Once attached to host surfaces, C. albicans can switch morphology to the invasive filamentous form which facilitates epithelial penetration [14,37]. In fact, core to C. albicans pathogenesis is its ability to undergo morphologic switching between yeast and hyphal forms [38,39,40,41,42,43]. Yeast-to-hypha transition is triggered in response to a variety of host environmental stimuli that activate multiple regulatory signaling pathways, eventually leading to the expression of master activators of hyphal formation [13,44]. The distinct morphological states of C. albicans dictate phases of colonization, growth, and dissemination, where the yeast form is associated with both initial attachment and dissemination, while the hyphal form enables C. albicans to invade host tissue [23,27,42,45]. In fact, hypha formation is associated with the expression of hypha-associated virulence factors that aid in adhesion to and invasion into host cells. One important property of hyphal cells is their ability of directional growth in response to contact with a surface (thigmotropism), allowing the fungus to specifically invade intercellular junctions [27,37]. In addition to active penetration which is a fungal-driven process, another complementary mechanism utilized by C. albicans for host cell invasion is endocytosis, a passive fungal-induced but host cell-driven process whereby lytic enzymes and invasins expressed on hyphae bind to and degrade E-cadherin and other inter-epithelial cell junctional proteins, enabling the organism to penetrate between epithelial cells [27,31,35].
Aside from the physical effect of filamentous growth, destruction of host tissue by C. albicans is augmented by extracellular hydrolytic enzymes released by the fungus into the local environment.

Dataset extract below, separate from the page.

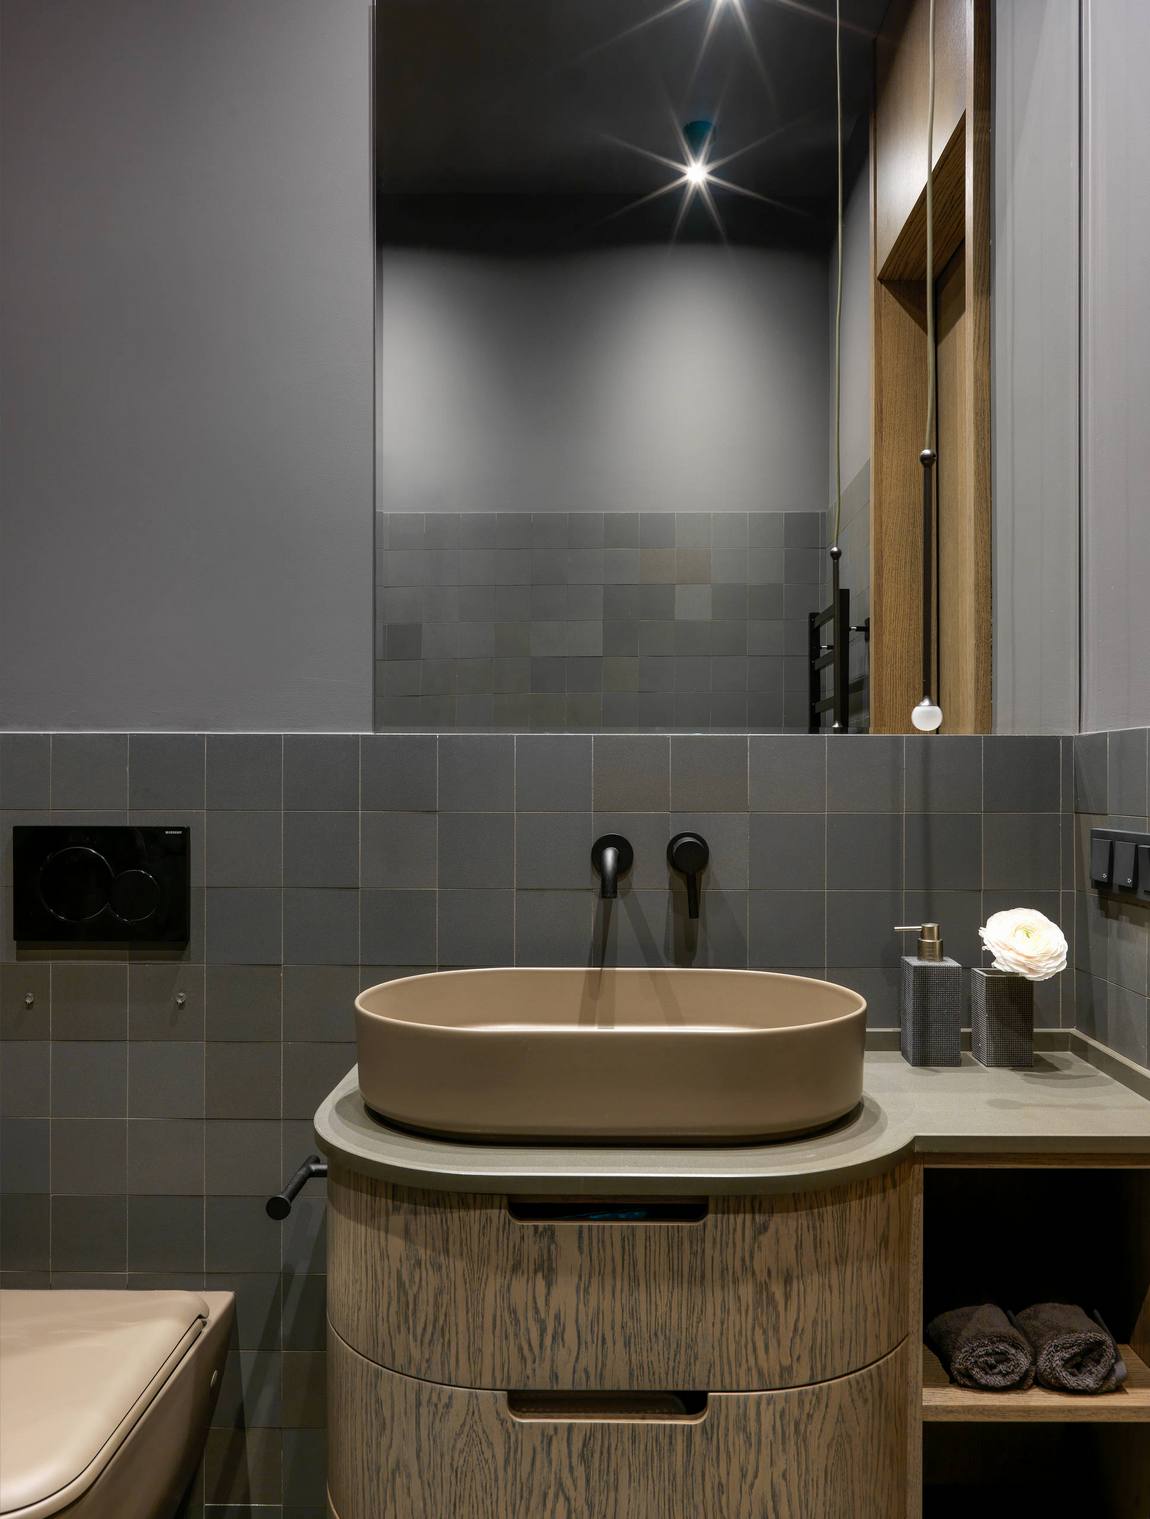 Phòng tắm có thiết kế kiểu cổ điển với tủ lưu trữ kết hợp bồn rửa gam màu nâu và kiểu ngăn kéo truyền thống. Bên trên là tấm gương cỡ lớn giúp phản chiếu ánh sáng từ đèn trần cho căn phòng thoáng sáng hơn.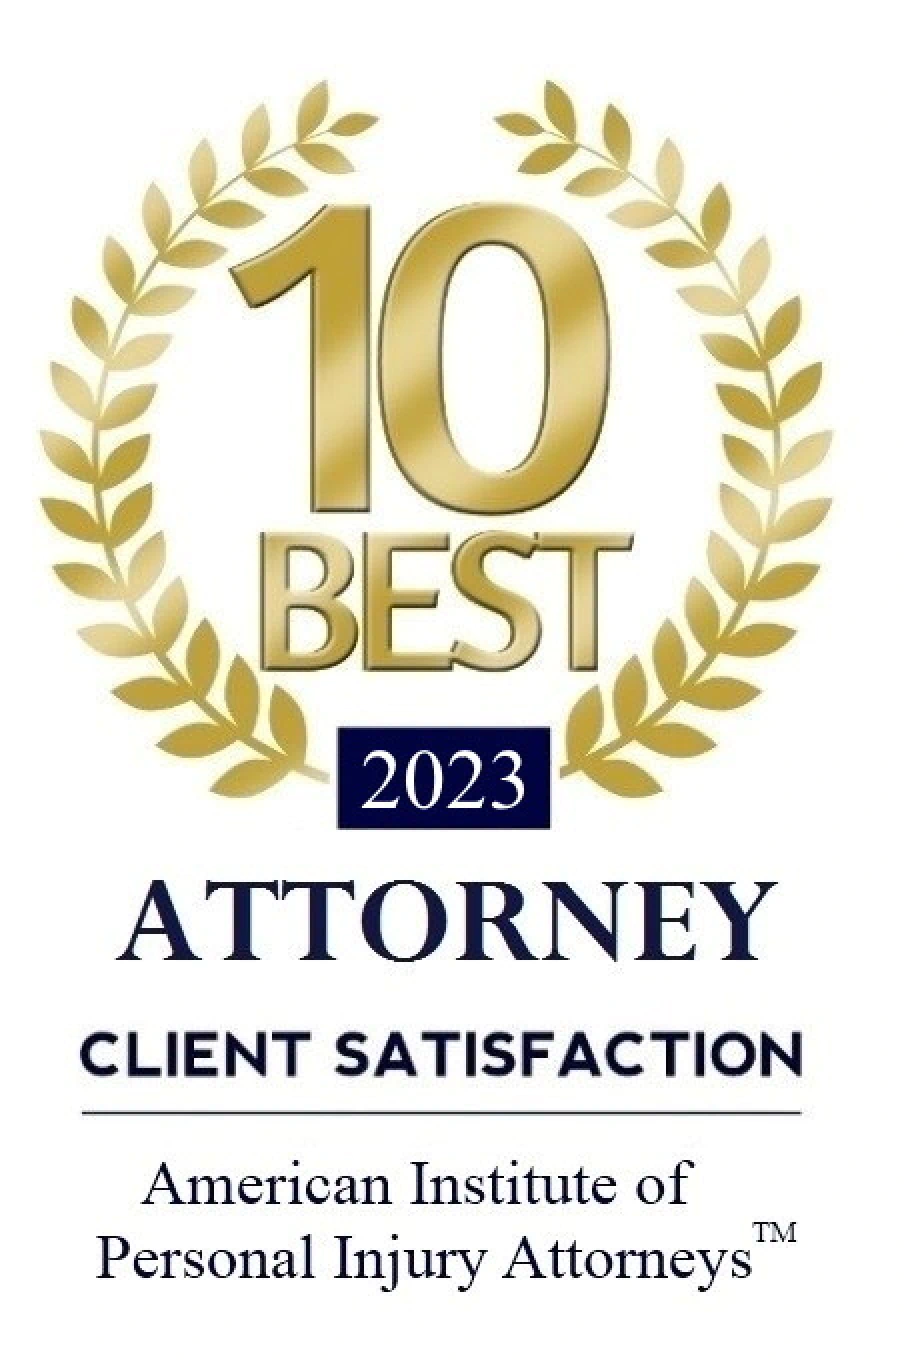 10 Best Attorney 2023 seal

Most notable of the extracellularly secreted enzymes frequently implicated in the virulence of C. albicans are secreted aspartyl proteinases (SAPs) and secreted phospholipases (PL), which are involved in host tissue invasion and nutrient acquisition [23,35,46,47]. Importantly, in addition to digesting and destroying cell membranes, SAPs also allow C. albicans to evade host defenses by degrading molecules of the host immune system, including antibodies and antimicrobial peptides [14,46]. Interestingly, recently it was discovered that hyphae-induced epithelial damage was mainly mediated through the secretion of a cytolytic peptide toxin called candidalysin, encoded by the hyphal-specific gene ECE1. The importance of this newly identified virulence factor was clearly established when C. albicans mutants were found to be incapable of inducing tissue damage, and were highly attenuated in a mouse model of oropharyngeal candidiasis [35,48,49].
The major biological feature of C. albicans with significant clinical implications resides in its ability to form biofilms [38,41,50]. In fact, the majority of C. albicans infections are associated with formation of biofilms on a variety of surfaces, and the transition of C. albicans from budding yeast to a filamentous hyphal is central to its ability to form pathogenic biofilms [38,40,41,42,51,52,53]. Biofilms are structured communities of surface-associated microbial populations embedded in an extracellular matrix which are described to have a multifaceted role [42,54,55,56,57]. The C. albicans biofilm matrix is largely composed of the polysaccharides β-1,3-glucan, β-1,6-glucan, and mannans which form the mannan–glucan complex (MGCx) [58,59,60,61]. In the oral cavity, hyphae formation and adherence to oral epithelial cells and other abiotic surfaces such as dentures promotes the development of monomicrobial and polymicrobial biofilms [62,63]. Once a biofilm is established, the expression of Candida virulence factors increases, and susceptibility to antimicrobials and phagocytosis decreases drastically [23,41,64]. Importantly, in addition to Candida pathogenic factors and interactions with the host immune system, it is now acknowledged that the bacterial component of the oral microbiome plays an important role in the development and exacerbation of OC [14,65,66].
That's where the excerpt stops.